Kunjungan ini dipimpin oleh anggota DPR RI dari Fraksi Golkar, Musa Rajekshah atau yang akrab disapa Ijeck, bersama sejumlah anggota Komisi V lainnya.
Banjir rob Belawan semakin kompleks karena persoalan kepemilikan lahan. Zakiyuddin mengungkapkan, sebagian besar wilayah terdampak berada di atas lahan milik PT Kereta Api Indonesia dan Pelindo. Bahkan kantor kecamatan setempat berdiri di atas lahan milik PT KAI.
“Kami tidak memiliki lahan di sana. Banyak warga juga hanya menyewa lahan milik Pelindo. Ini menjadi kendala besar dalam penataan kawasan,” jelasnya.
Selain itu, kondisi lapangan menunjukkan banyak rumah berdiri di bantaran sungai. Sungai yang mengalir dari Kota Medan hingga ke wilayah Deliserdang juga mengalami penyempitan bahkan penutupan di beberapa titik.
“Kalau hanya Medan yang normalisasi, hasilnya tidak akan maksimal. Sampah dan sedimentasi akan kembali masuk,” tegas Zakiyuddin.
Ia juga mengusulkan relokasi warga sebagai solusi jangka panjang, meskipun membutuhkan pendekatan sosial yang matang agar tidak menimbulkan konflik.

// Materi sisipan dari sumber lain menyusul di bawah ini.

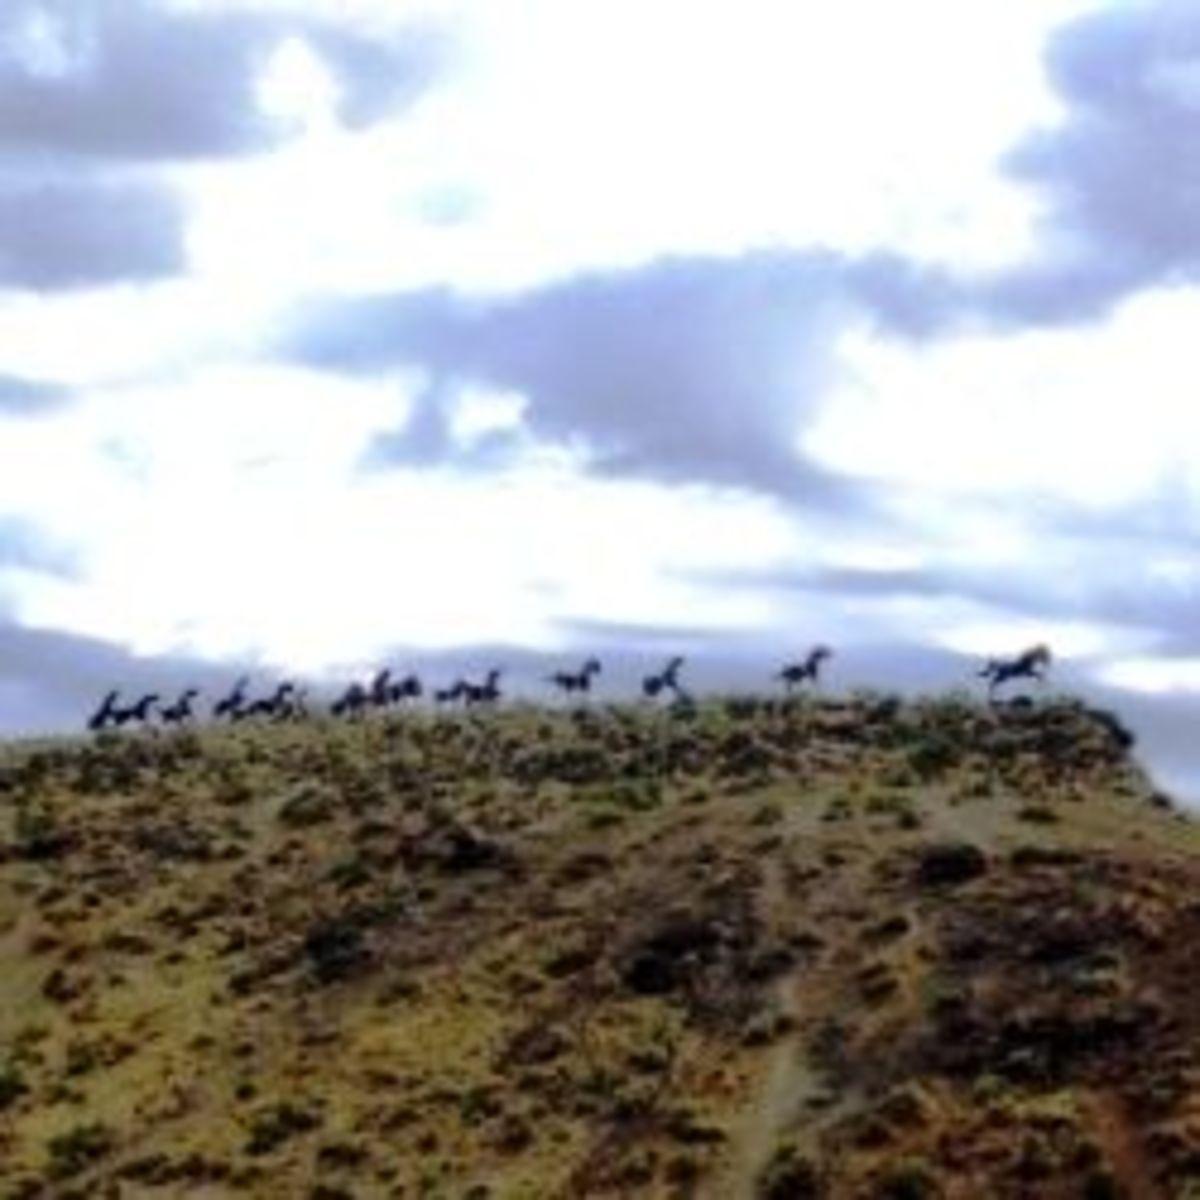 Wild Horses Monument in Washington State

Sementara itu, Plh Dirjen Sumber Daya Air Kementerian PUPR, Adenan Rasyid, menyatakan bahwa secara teknis penanganan banjir rob bukan hal sulit. Namun, banyaknya pemangku kepentingan menjadi tantangan utama.
“Secara teknis bisa dilakukan, tetapi koordinasi antar stakeholder menjadi kunci,” ujarnya.
Dukungan kuat juga datang dari Musa Rajekshah. Ia menegaskan bahwa penyelesaian banjir rob harus melibatkan semua pihak, tidak hanya mengandalkan Kementerian PUPR.
“Kami akan mendorong rapat koordinasi lintas sektor agar solusi yang diambil benar-benar menyeluruh,” katanya.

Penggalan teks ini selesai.